Are you ready to kick your fitness up a level this year?
If you are looking for a way to track your fitness goals, workouts, and achievements, check out the new Erin Condren A5 Fitness Planner (25.50). It has a how-to-use guide, goal-setting questions, four undated months with 32 daily tracking pages, monthly check-ins, and a handful of notes pages in the back.
I am an Erin Condren affiliate. If you purchase through my links in this blog, I will receive a commission.
I lift at home but the Erin Condren A5 Fitness Planner is a great size to take to the gym with you.
When it came out I ordered one because I thought it would be great for tracking strength training. I have a fitness planner/journal but no way to track weight training sets, reps, and weights. In the past, I’ve used other trackers and most recently tried to keep it in my bullet journal.
I was not a fan of the bullet journal because it was a pain to draw it out for each workout.
Before you dig into the workout pages, you get a guide on how to use the book and a few pages to journal about where you are and what your goals are. I really liked these pages as it made me really slow down and think about my goals. There is a two-page spread for checking in and a page for goal setting.
I do not need the monthly calendar. As I said, I have a separate journal where I put in my workouts and journal about them. If you are using this as your only fitness journal, you will need to fill in the month and dates. There is also space for goals and rewards. So far I have not written anything in those spaces either.

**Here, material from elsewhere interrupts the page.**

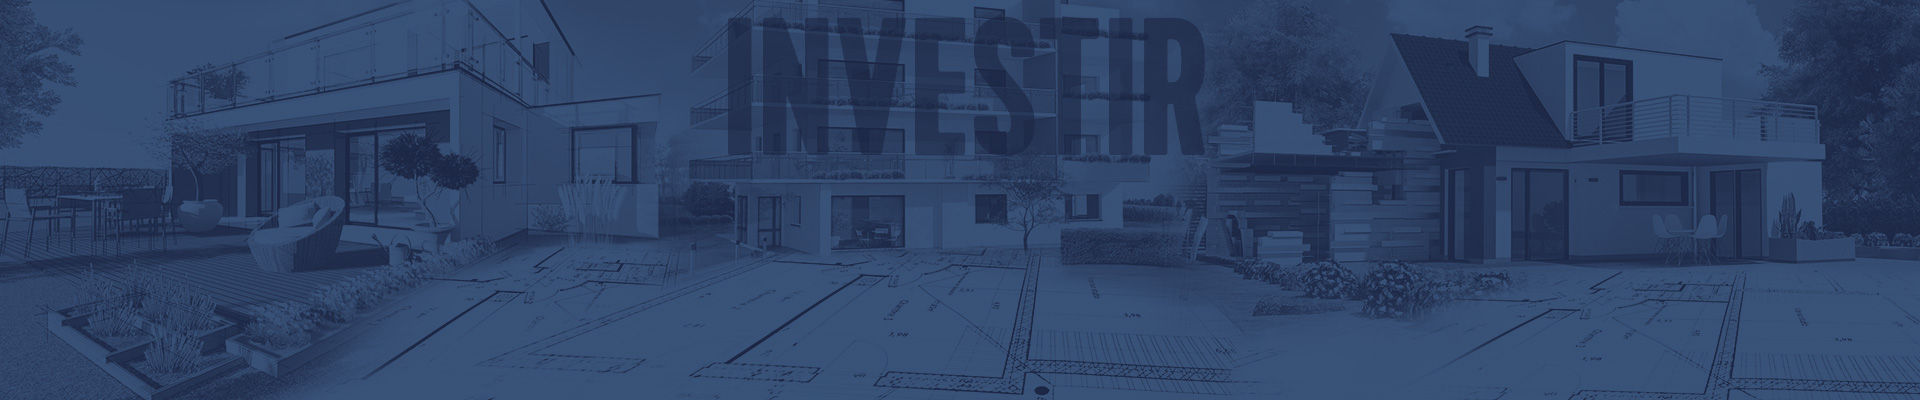 image-header-investissement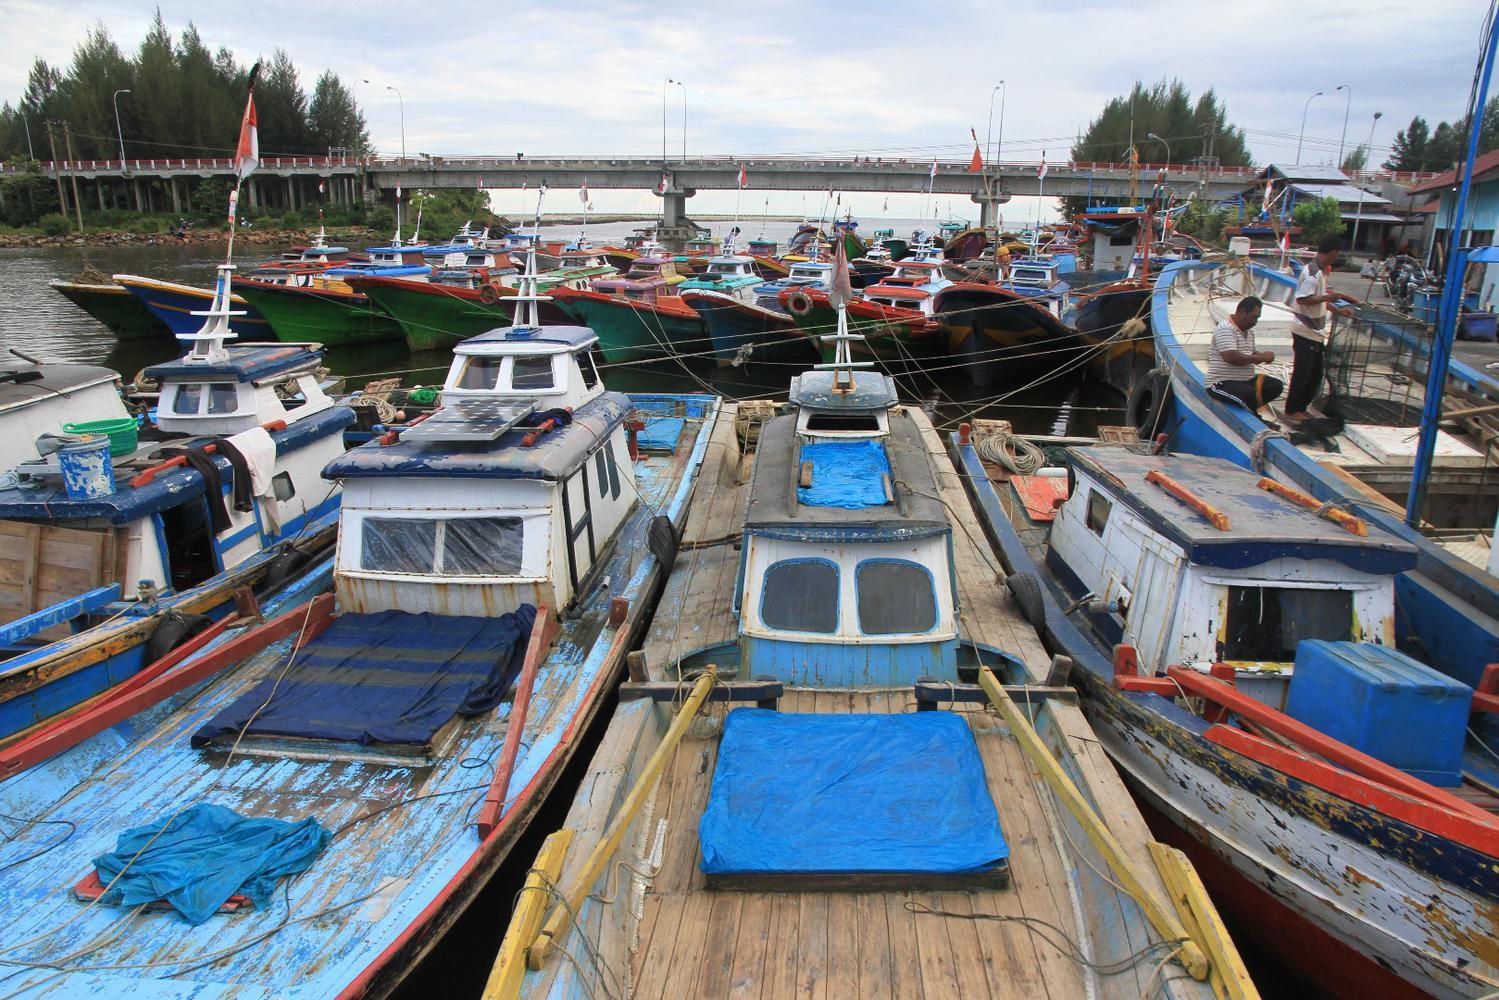 Puluhan kapal nelayan ditambatkan di Pelabuhan Kuala Bubon, Kecamatan Samatiga, Aceh Barat, Aceh, Rabu (25/12/2019). Hukum adat laut Aceh telah menetapkan pantangan dan larangan melaut pada hari peringatan tsunami 26 Desember untuk mengenang dan memperingati peristiwa tsunami di Aceh.

The daily tracker pages are where this planner really shines.
You get 32 pages per month, which I love because that means this book will last me longer than the four months it is set up for. I tend to do my strength training 3-4 days per week. Since I have that separate fitness planner, I only wanted this for weight training. I can get 8-10 weeks out of each month.
The actual pages are set up nicely. I do wish there was more space in the first movement section, the one for weight training, as the programs I do require slightly more space. I can make it work though.
The second movement section is for intensity, time, and distance.
It works well for days I do doubles. I can track my weight training and running. After the movement sections is room to write how you felt, self-care, water, steps, hours slept, and today’s win. I like how it felt, self-care, and today’s win. It gives me a chance to think about my day and write a sentence or two that I can review later.
I don’t usually write in water, steps, or sleep.
I never track water. I basically drink the same amount daily. I live in a desert, I know to drink water, and I drink plenty. My steps and sleep are tracked by my Garmin and I don’t feel the need to also put them in the Fitness Planner.
At the end of each month, there is a monthly check-in. It covers how you are doing, progress, wins, and setting yourself up for the next month. Then at the end of four months, you get your monthly check-in plus room to celebrate your progress! Lastly, you get some note pages (which I don’t see myself using).
Overall, I am excited to use the EC A5 Fitness Planner. I started filling in the checking-in, goal setting, and have used it a few times for tracking workouts. I like how it has made me think about my goals. I would love to see a version with the checking-in, goal setting, and then the daily pages. I don’t think the monthly calendar adds anything to this planner.
Give me a book of ONLY the daily pages! They are amazing!
Although, I would like to see a few more lines on the weight/strength training movement section. I do a lot of giant sets or similar and need a little more space to set those up.
I would recommend this if you are looking for a way to track your strength/weight training. And if you aren’t doing that daily it will las you longer than the four months it is set up for. There are 128 daily pages so if you only lift 3-4 days a week it should last you six to seven months. Maybe more if you take breaks/vacations.